Sabeis o que significa amar alguém? Sabeis o que significa amar uma árvore, uma ave, um animal de estimação, ao ponto de cuidarmos com desvelo do ser que amamos, nutri-lo, acarinhá-lo, embora ele nada nos dê em troca — embora a árvore não nos dê sombra, o animal não nos siga os passos e não dependa de nós? Os mais de nós não amamos dessa maneira; em verdade, não sabemos o que isso significa, porque nosso amor é sempre cercado de ansiedade, de ciúme, de medo — e isso implica que estamos dependendo de outrem, interiormente, que desejamos ser amados também. Não amamos simplesmente, sem nada mais desejarmos.
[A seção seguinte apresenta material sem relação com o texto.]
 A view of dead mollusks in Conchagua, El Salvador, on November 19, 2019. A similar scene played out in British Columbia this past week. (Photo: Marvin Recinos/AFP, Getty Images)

Queremos retribuição; e isso justamente, nos torna dependentes.
Assim, pois, a liberdade e o amor andam juntos. O amor não é reação. Se vos amo porque me amais, isto é pura transação, uma compra no mercado. Amar é nada pedir em troca, não sentir, sequer, que se está dando alguma coisa; só esse amor pode conhecer a liberdade. Mas, vede, não sois educado para isso. Sois educado para saberdes Matemática, Química, Geografia, História. Aí termina vossa educação, porque o único empenho de vossos pais é ajudar-vos a obter um bom emprego e a ter exito na vida. Se tem dinheiro, talvez vos mandem ao estrangeiro; mas, como acontece no resto do mundo, seu objetivo único é ver-vos ricos e numa respeitável posição social; e, quanto mais alto subirdes, tanto mais sofrimentos causareis a outros, porque, para galgardes posições, tereis de competir, de ser cruéis. Por isso, os pais mandam os filhos para escolas onde se estimule a ambição, onde não haja amor; por isso, uma sociedade como a nossa está sempre em declínio, em luta constante, e, embora os políticos, os juízes, os "nobres da terra” falem de paz, isso nada significa.
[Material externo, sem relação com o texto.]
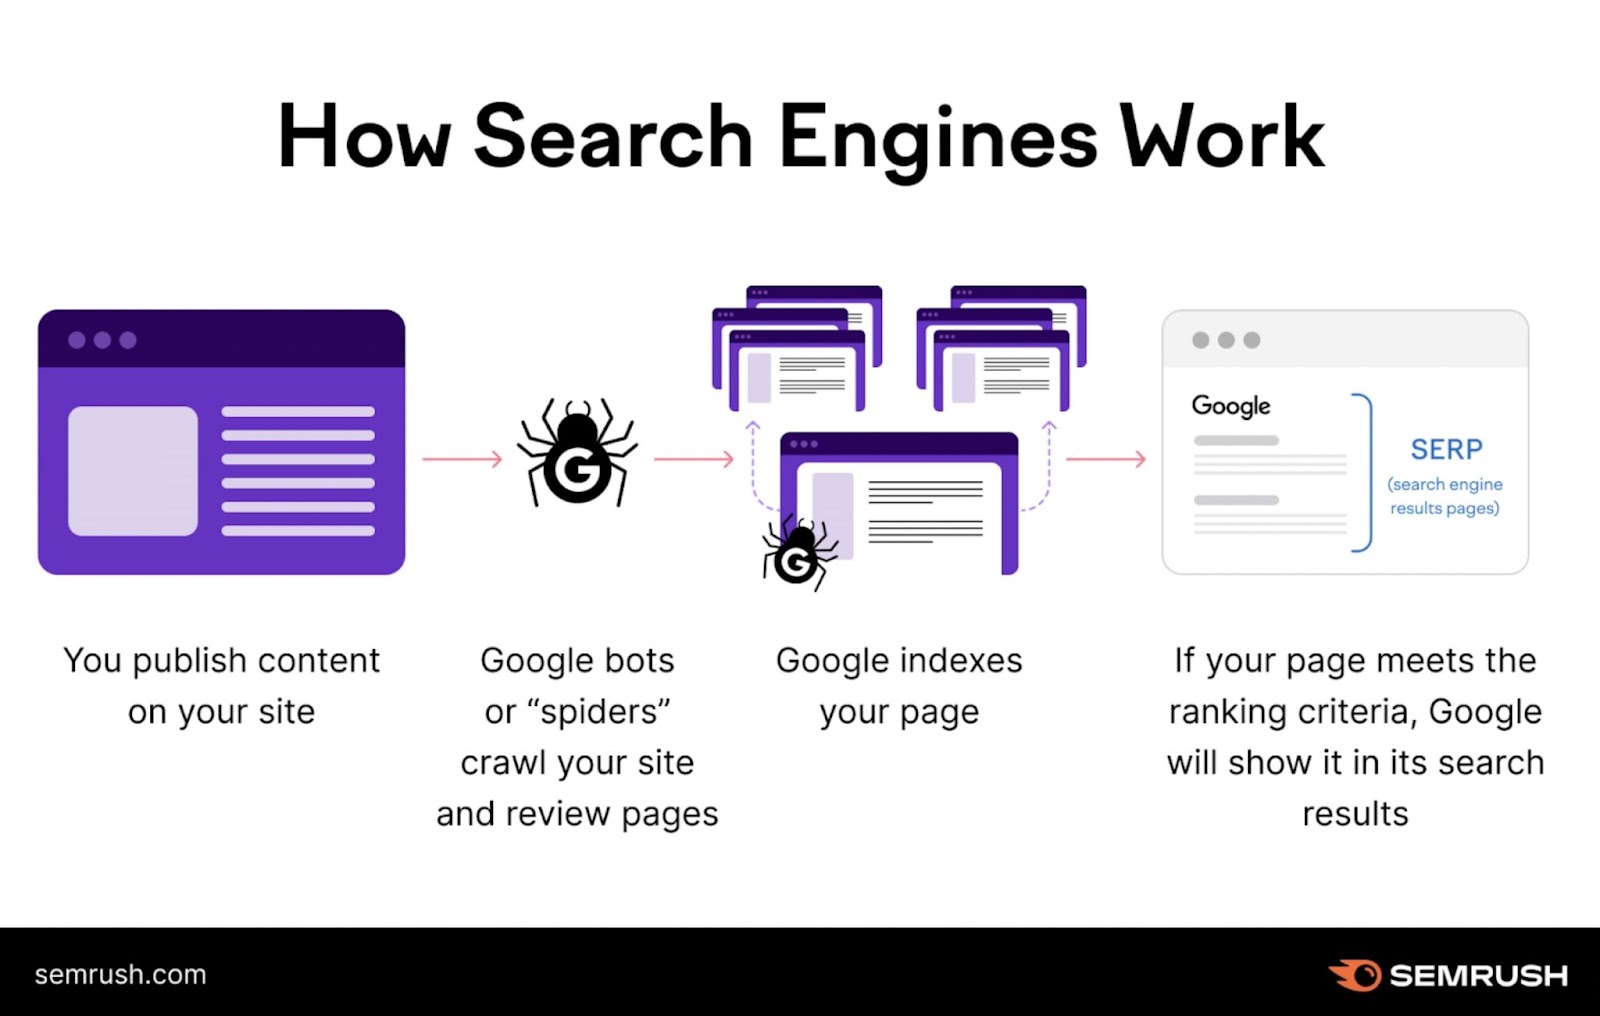 How search engines work illustrated

Ora, vós e eu devemos compreender todo esse problema da liberdade. Devemos descobrir por nós mesmos o que significa amar; porque, se não amamos, não teremos consideração para com os outros, não seremos atenciosos. Sabeis o que significa ter consideração a outrem? Quando vedes uma pedra pontuda num caminho percorrido por muitos pés descalços, vós a retirais, não porque vos pedem que o façais, mas porque vos condoeis de outro, quem quer que seja e ainda que nunca o vejais na vida. Plantar uma árvore e cuidar dela, olhar o rio e fruir a prodigalidade da terra, observar uma ave no ar e a beleza de seu voo, ter sensibilidade e manter-se aberto a esse extraordinário movimento que se chama a vida — para tudo isso há necessidade de liberdade; e, para serdes livre, deveis amar. Sem amor, não há liberdade; sem amor, a liberdade é mera ideia, sem nenhum valor. Assim, só os que compreenderam a íntima dependência e dela se libertaram; que sabem, por conseguinte, o que é amor — só esses podem conhecer a liberdade; só eles poderão criar uma nova civilização, um mundo diferente.